There are two reasons why this is not possible.
The first is more philosophical / principled reason. In CQRS / DDD, an aggregate (Entity in Lagom) defines a consistency boundary. We can refer to it as a transactional boundary as well. The main reason behind it is because it offers a simplified way of dealing with mutations and transactions. One model, one aggregate, one transaction. That’s basically the aggregate mantra from DDD.

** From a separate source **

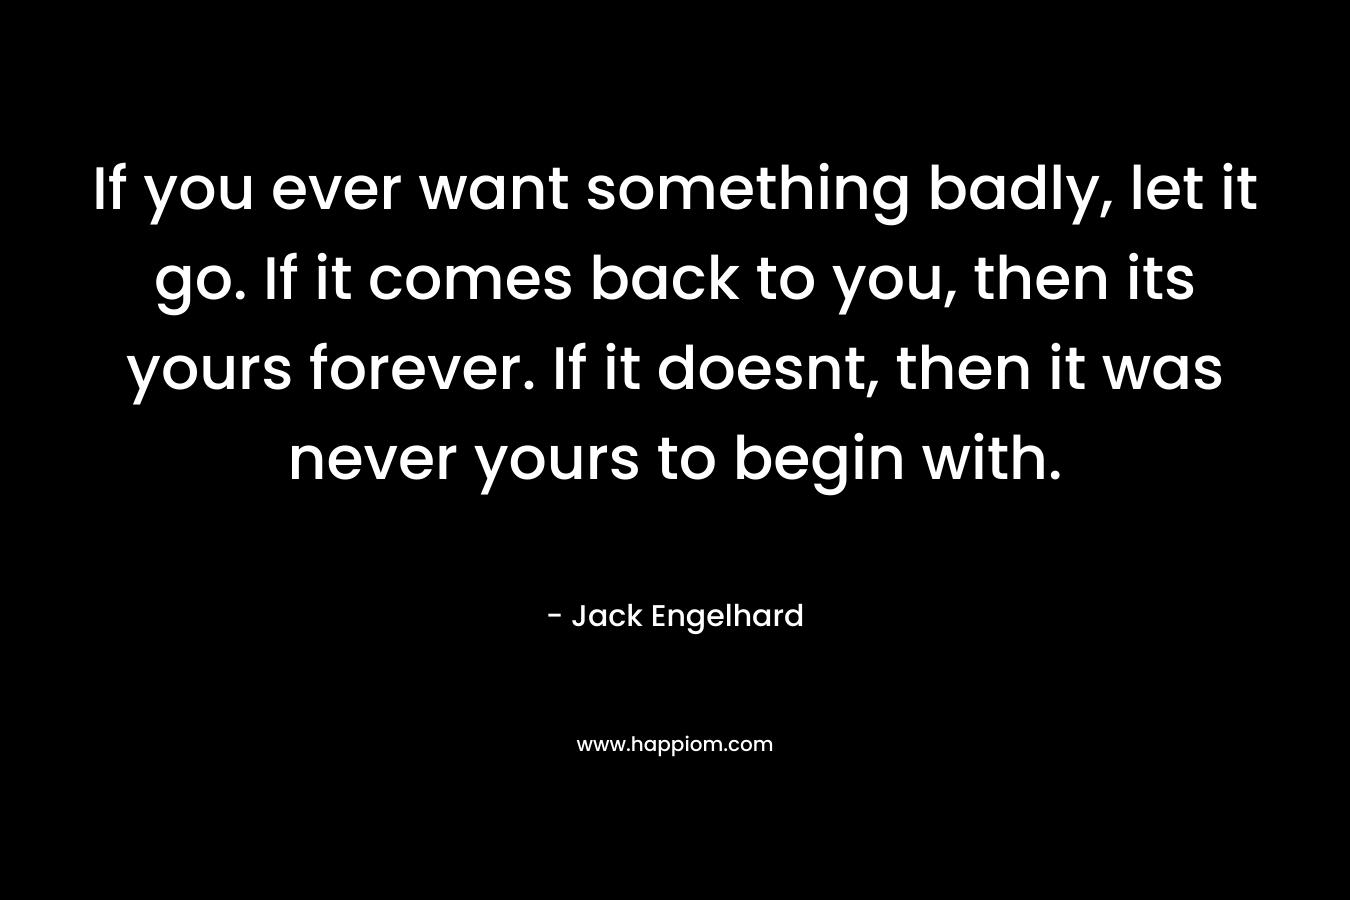 If you ever want something badly, let it go. If it comes back to you, then its yours forever. If it doesnt, then it was never yours to begin with.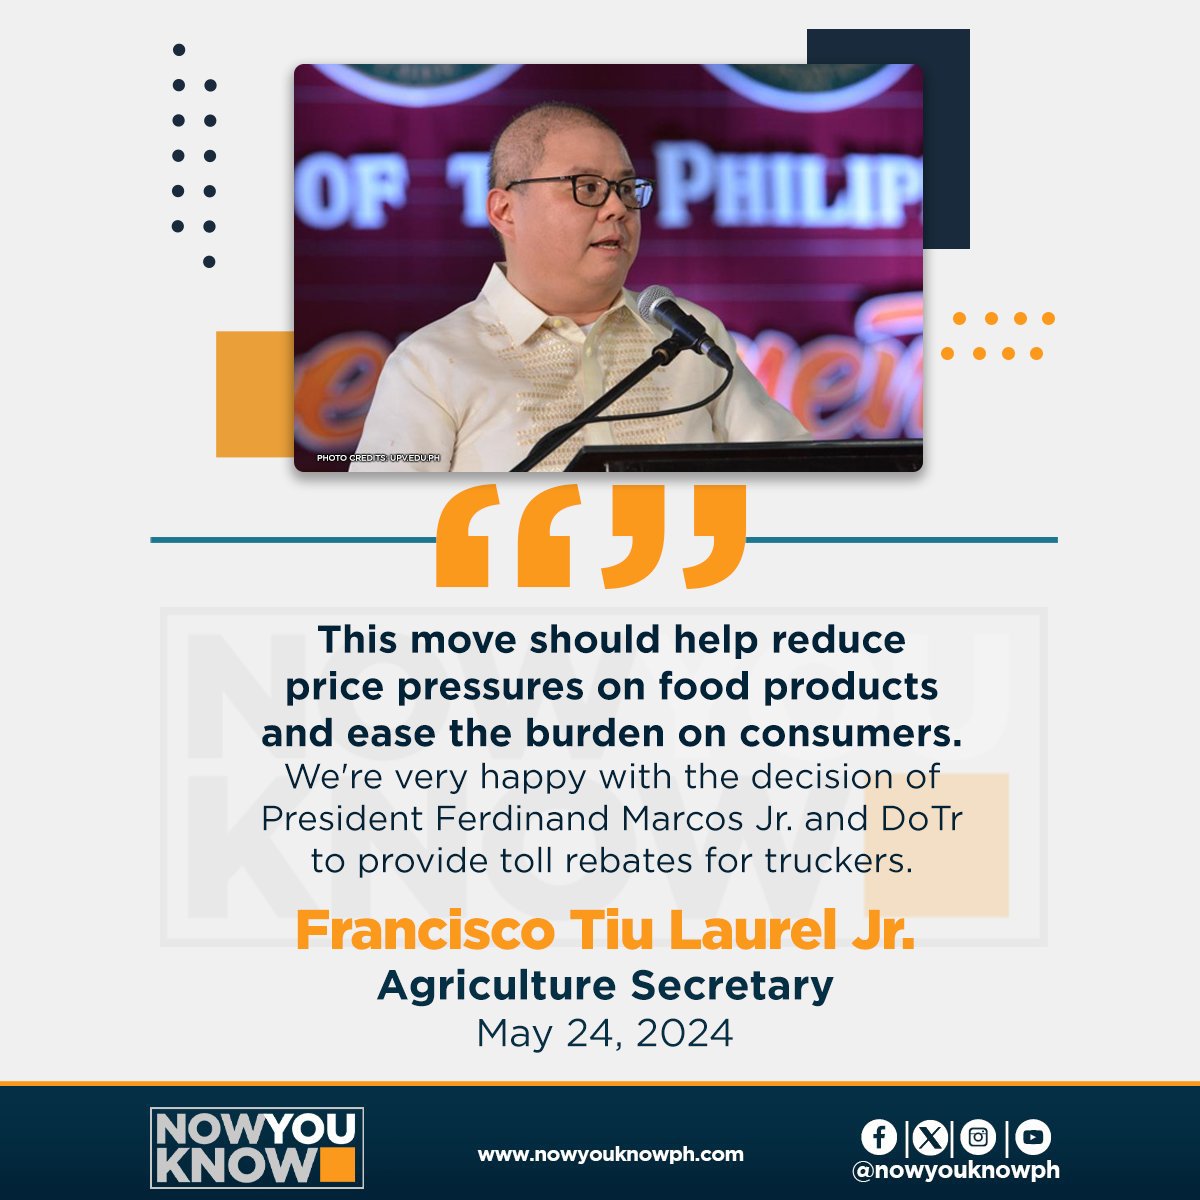 The Department of Agriculture (DA) is expecting the recent move to grant toll rate increase rebates to trucks transporting agricultural products to reduce inflationary pressures on food products. READ tinyurl.com/y4ssx76d 📰 GMA NEWS ONLINE

The second is a technical reason and touches one of the design principles in Akka. An actor is location transparent. That means that when you get a
ActorRef and send a message to it, you may be sending a message over the network and reaching an actor living on another node. In the specific case of Lagom, a
PersistentEntityRef will refer to a sharded persistence actor that can be alive in any node of your cluster. As a consequence, we can’t have a transaction wrapping two calls to two different persistent actors (or Lagom entities) because they may live in two different nodes.
Possible alternative solution
There is a common technique in the CQRS world that may help you in that context. It consists of having “command side support table”. Basically, you keep a DB table that is updated before and after handling commands, thus on the command side.
In your specific case, you could have one to manage the list of ids. Each entry on that table must have a boolean associated with it to confirm that it’s effectively in use. In one transaction, you add the id to the table, but as unconfirmed. Then you pass the shared key to the entity and when the command completes you confirm that the shared key is also being used by that new entity. You do it by flipping the boolean to true.
So, basically you have three transactions:
- add entity id to the list of entities using the shared key, but unconfirmed.
- create the entity (can be a transaction on a different node)
- confirm that the entity was created and is using the shared key.
There are three transactions involved and at least two points of failures that need special attention.
If transaction #2 fails, you have added an id to the list, but the entity was never created. Because you don’t have the confirmation, you don’t return it when searching. You may need to clean it up via a scheduler or just leave it there. You should not clean it up immediately (see below).
If transaction #3 fails, you will need a retry mechanism. The easiest way is to have a read-side processor that listen to
created events and confirms it. In that case, you have eventual consistency.
Note that there is also the case that transaction #2 succeeds but you never receive the confirmation or the
Future times out. You may think it failed, but the entity was created. In that case, the read-side processor will ’see’ the event and confirm it.
This technique will mitigate the eventual consistency for the sunny day scenario. As soon you get the confirmation that the entity was created, you confirm it on the list and it’s already retrievable. Only when transaction #3 fails that you will be impacted by eventual consistency.